NGA joins Challenge.gov, offers $10K prize for technical support to ‘living stories’
On June 6, the National Geospatial-Intelligence Agency listed its first submission to Challenge.gov, a technical hub for federal incentive prize and challenge competitions.
Challenge.gov’s listing includes technical, scientific, ideation, and creative competitions to aid the U.S. government in achieving innovative solutions for mission-centric problems using the best ideas and talent from the public.
NGA’s Living Stories challenge seeks an easy-to-use time slider or other simple mechanism to track changes to a story in a dynamic, fast and aesthetic way as it is being developed using WordPress, a popular open source web-based publishing platform.
The winning submission will be awarded a $10,000 prize. The challenge is organized by the agency’s GEOINT Pathfinder initiative, which focuses on developing open source solutions to national security issues.
With this challenge, the GEOINT Pathfinder team is looking to strike the balance between “ephemeral and evergreen content,” by building a simple, customer-facing, version-control tracker, said NGA’s public software development lead Chris Rasmussen.
“The idea is to reduce the number of headlines and products that we’re pushing out to our customers by building a very simple, visually-pleasing way to track changes in a story,” said Rasmussen. “That sets the standard that a story will always be up-to-date.”
The submission period runs June 6 to July 15 and the winner will be announced Aug. 1. Submissions will be evaluated on criteria including user experience, quality and required features.
Beyond tangible, functional code, Rasmussen hopes the agency’s involvement with Challenge.gov will help put a focus on short-term, practical goals.
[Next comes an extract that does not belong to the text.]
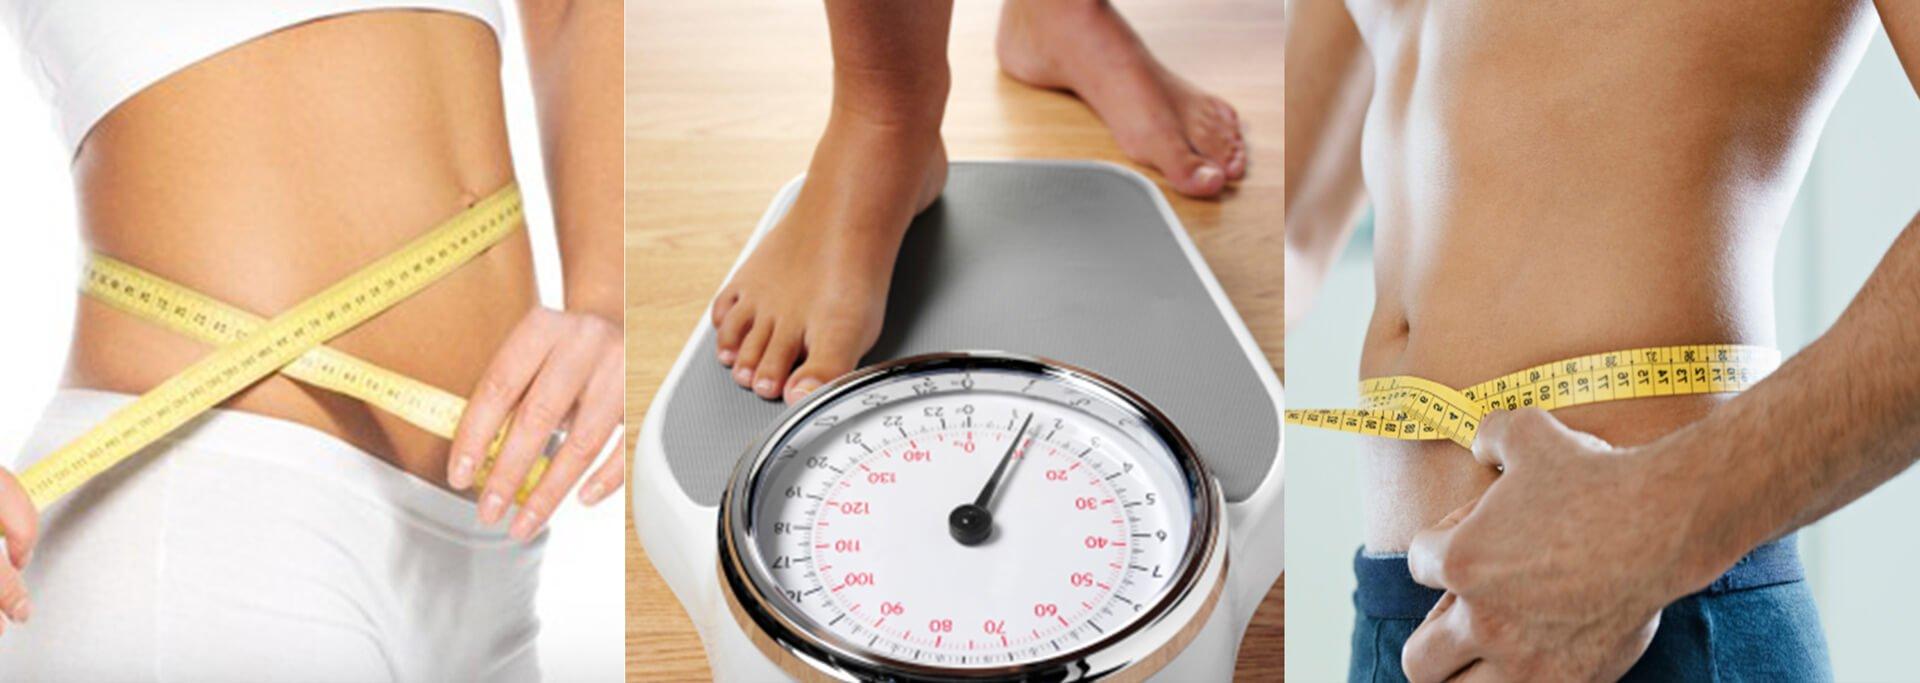 weight-loss (1)
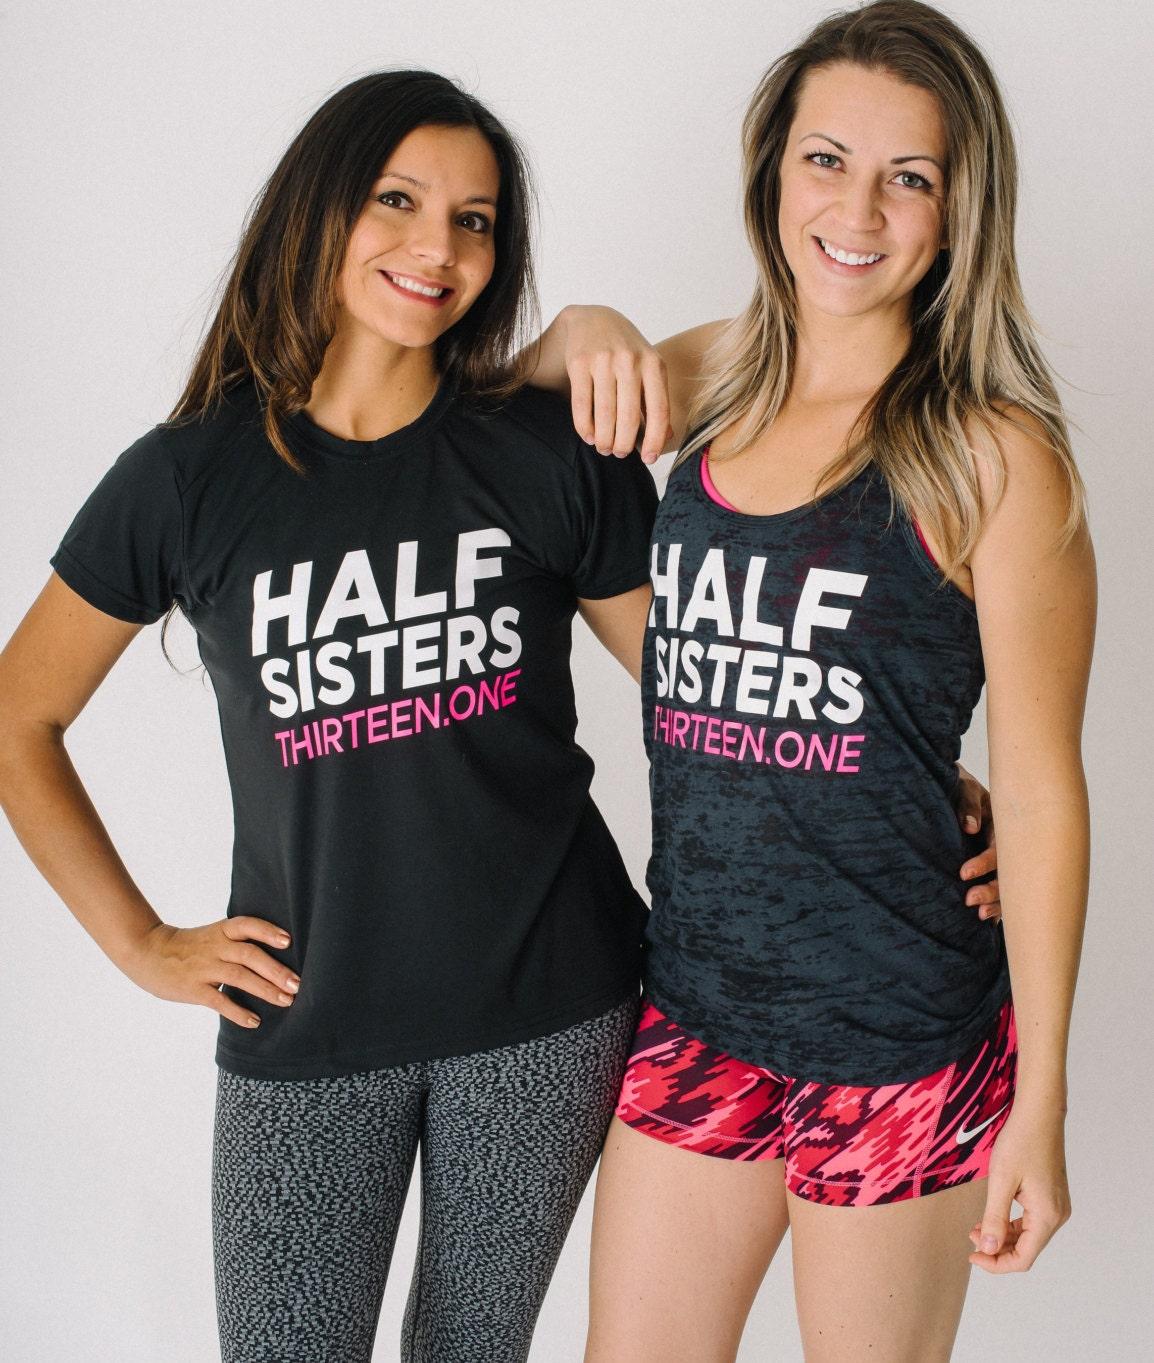 Half Sisters 2 Shirt Bundle Thirteenone Marathon Etsy Tendencies Short Shirts Basic Long Collar Less White Putih M Gift Running Partner

“It focuses things on more immediate time horizons,” said Rasmussen. “And the delivery back to us is functional code. So we’ll have our answer and we’ll see the talent coming back in a very practical way. It focuses things much more realistically.”
Since 2010, Challenge.gov has seen more than a quarter of a million participants contributing to more than 640 competitions that awarded over $220 million in prizes.
NGA joins other intelligence community components including the National Security Agency and the Office of the Director of National Intelligence’s Intelligence Advanced Research Projects Activity on Challenge.gov.